**Collected material:**
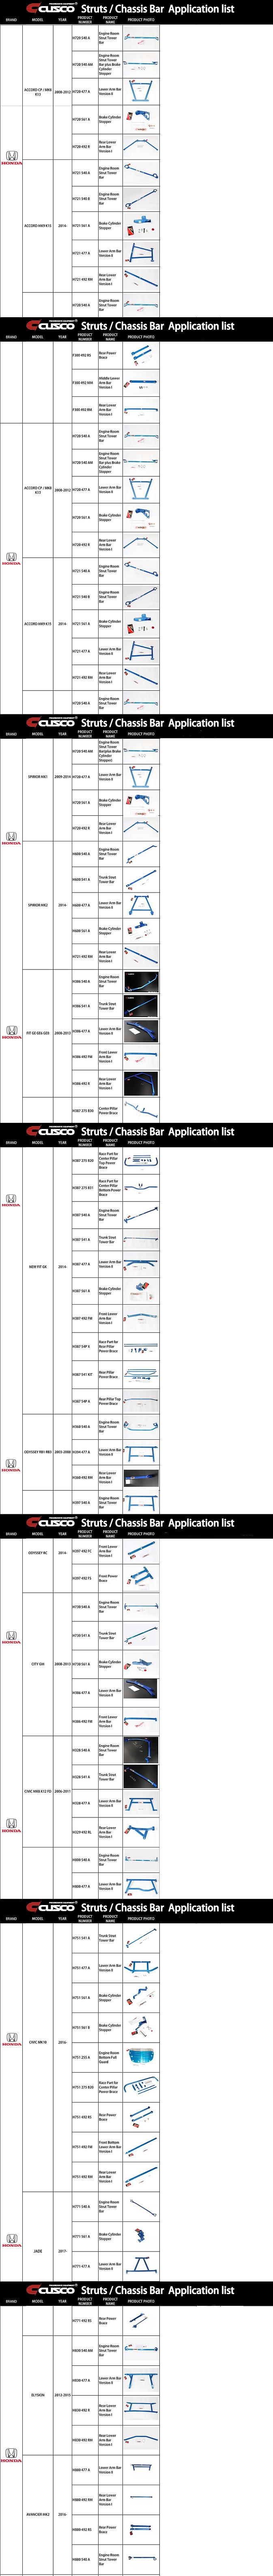 CUSCO-honda-application-list.jpg
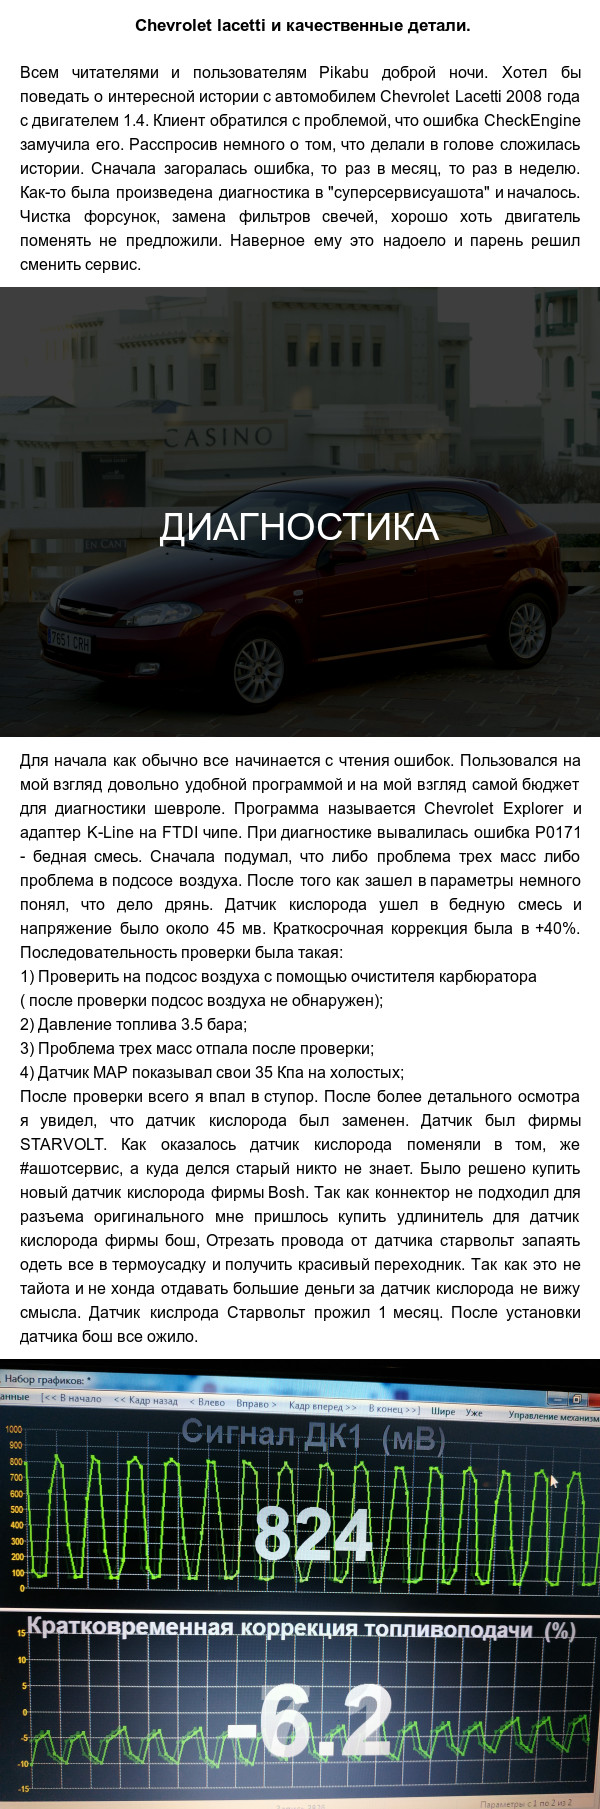 Chevrolet Lacetti Датчик Кислорода Компьютерная диагностика, Автоэлектрика, Длиннопост, Chevrolet
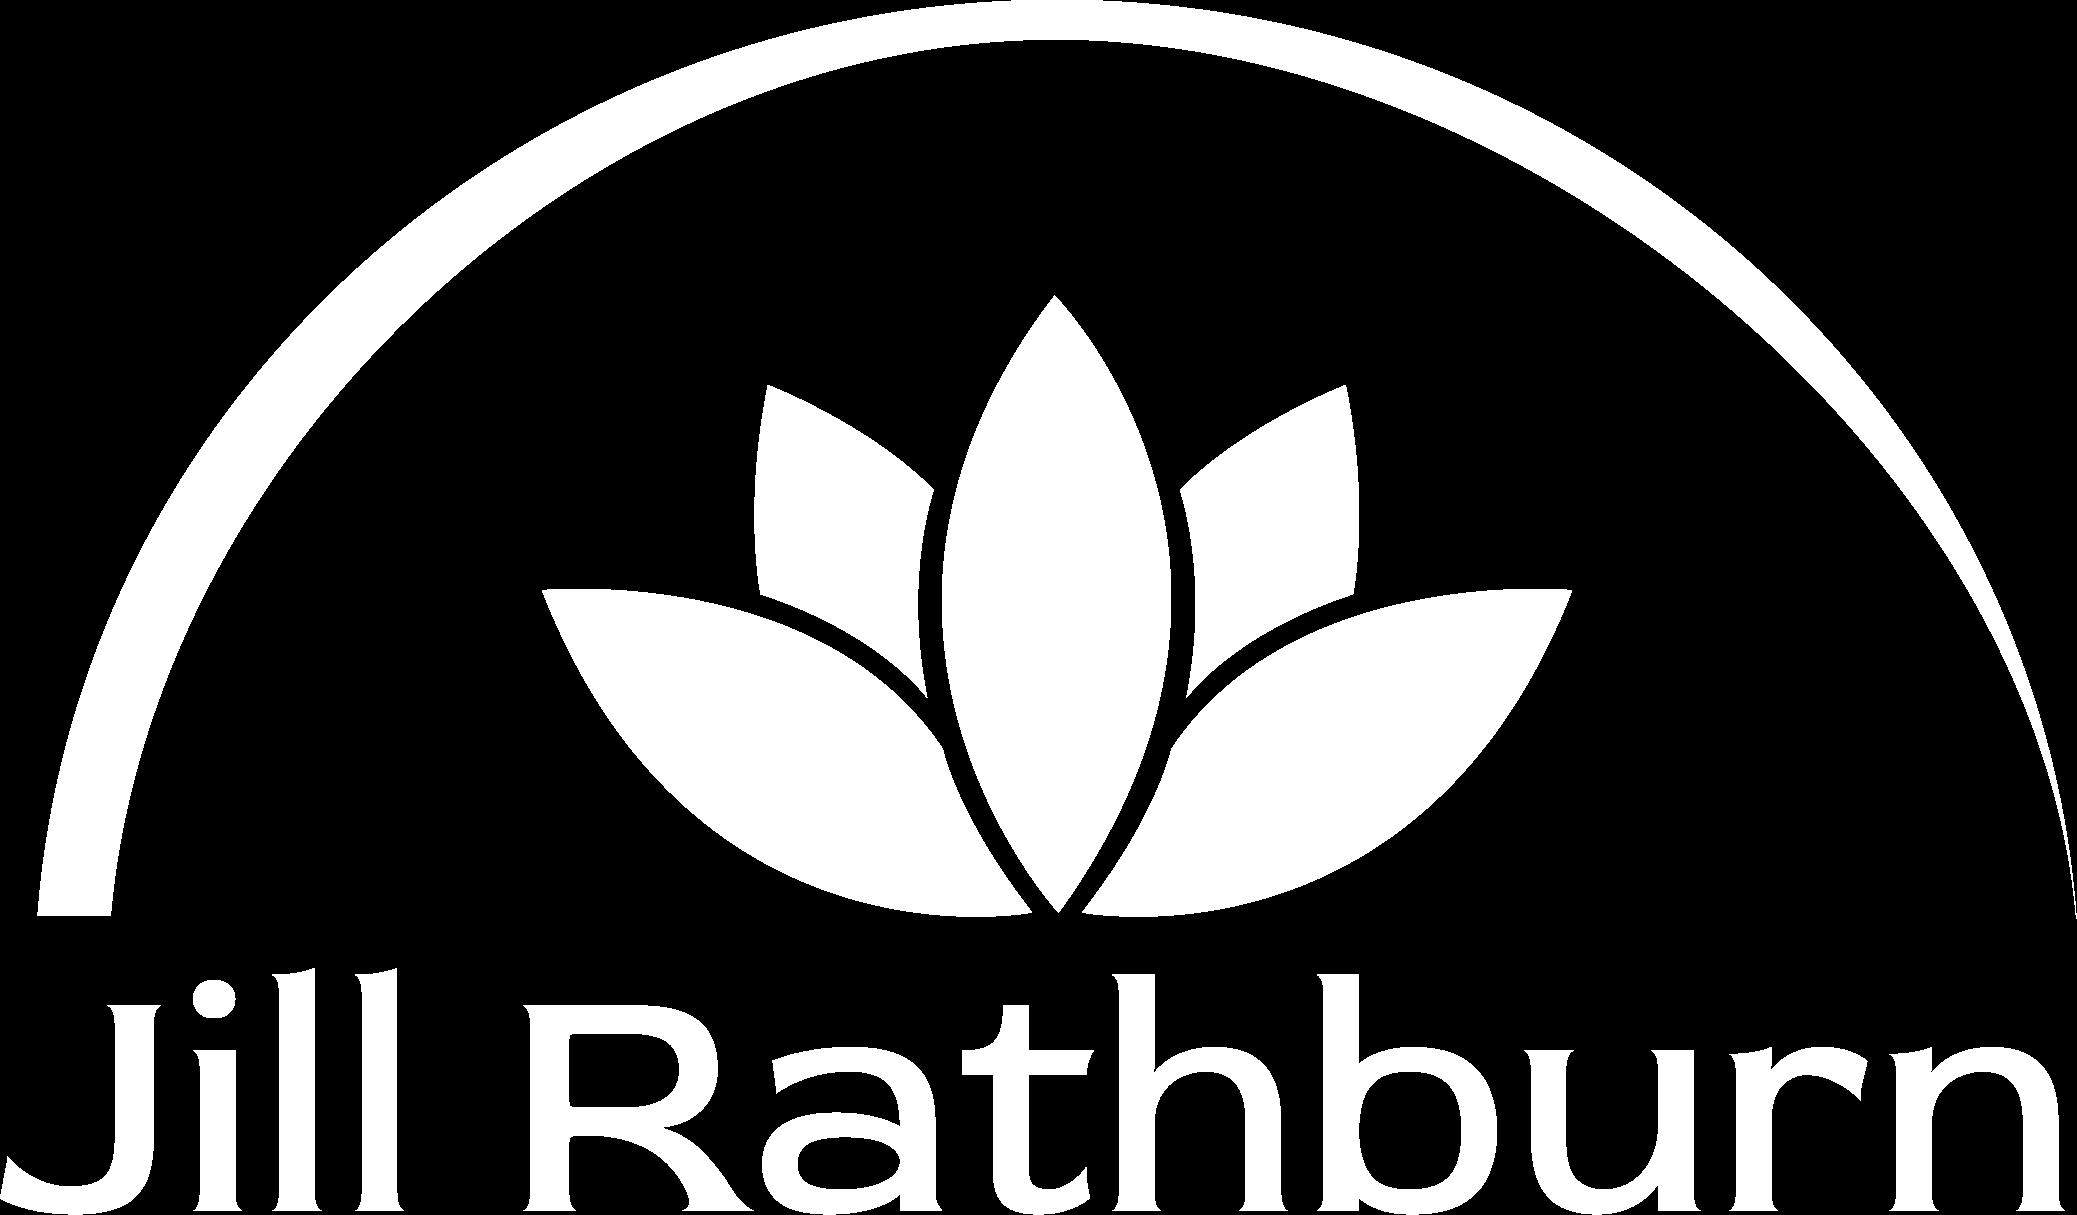 jill rathburn logo reverse

**The task:**
Every line above should be output exactly, except for the pictures.

**Answer below:**
 CUSCO-honda-application-list.jpg
 Chevrolet Lacetti Датчик Кислорода Компьютерная диагностика, Автоэлектрика, Длиннопост, Chevrolet
 jill rathburn logo reverse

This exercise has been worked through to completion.